"For it is a great thing, Mistress Anne, to have written a book. In all of my pot-boiling days I would never have believed it. A plot was a plot, and presto, the thing was done! The world read and forgot. But the world doesn't forget. Not when we give our best, and when we aim to get below the surface things and the shallow things and call up out of men's hearts that which, in these practical days, they try to hide.

"I suppose Brooks has told you about my eyes, and of how it may happen that I shall, for the rest of my life, be able to see through a glass darkly.

"That is something to be thankful for, isn't it? It is a rather weird experience when, having adjusted one's self in anticipation of a catastrophe, the catastrophe hangs fire. Like old Pepys, I had resigned myself to the inevitable—indeed in those awful waiting days I read, more than once, the last paragraph of his diary.

"'And so I betake myself to that course which it is almost as much as to see myself go into my grave; for which, and all the discomforts that will accompany my being blind, the good God prepare me!'

"Yet Pepys kept his sight all the rest of his life, and regretted, I fancy, more than once, that he did not finish his diary. And, perhaps, I, too, shall be granted this dim vision until the end.

"It seems to me that there are many things which I ought to tell you—I know there are a thousand things which are forbidden. But at least I can speak of Diogenes. I saw him at Crossroads the other day, much puffed up with pride of family. And I can speak of Mrs. Nancy, who is a white shadow of herself. Why doesn't Brooks see it? He was down here for a week recently, and he didn't seem to realize that anything was wrong. Perhaps she is always so radiant when he comes that she dazzles his eyes.

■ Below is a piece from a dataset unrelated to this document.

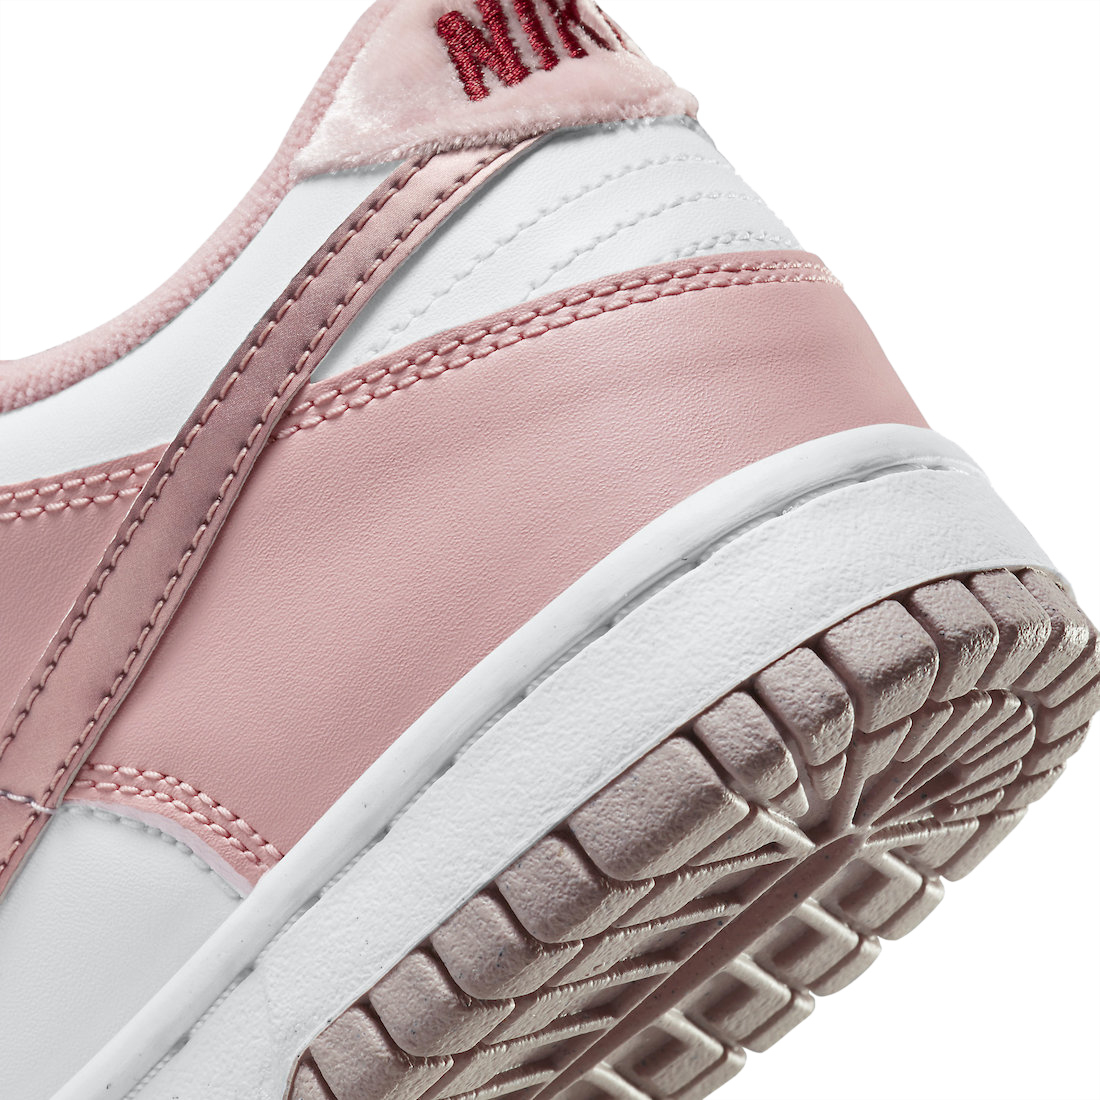 Nike Dunk Low GS Pink Velvet DO6485-600

"She and Miss Sulie are a pathetic pair. I meet them on the road on their errands of mercy. They are like two sisters of charity in their long capes and little bonnets. Evidently Mrs. Brooks feels that if her son cannot doctor the community she can at least nurse it. The country folks adore her, and go to her for advice, so that Crossroads still opens wide its doors to the people, as it did in the days of old Dr. Brooks.

"And now, does the Princess still serve? I can see you with your blue bowl on your way to Peggy, and stopping on the stairs to light for me the torch of inspiration. And now all of this service and inspiration is being spilled at the feet of—Marie-Louise! Will you give her greetings, and ask her how soon I may come and worship at the shrine of her grinning old god?"

Anne, carrying his letter to Marie-Louise, asked, "Shall I tell him to come?"

"Yes. I didn't want him to go away, but he said he must—that he couldn't write here. But I knew why he went, and you knew."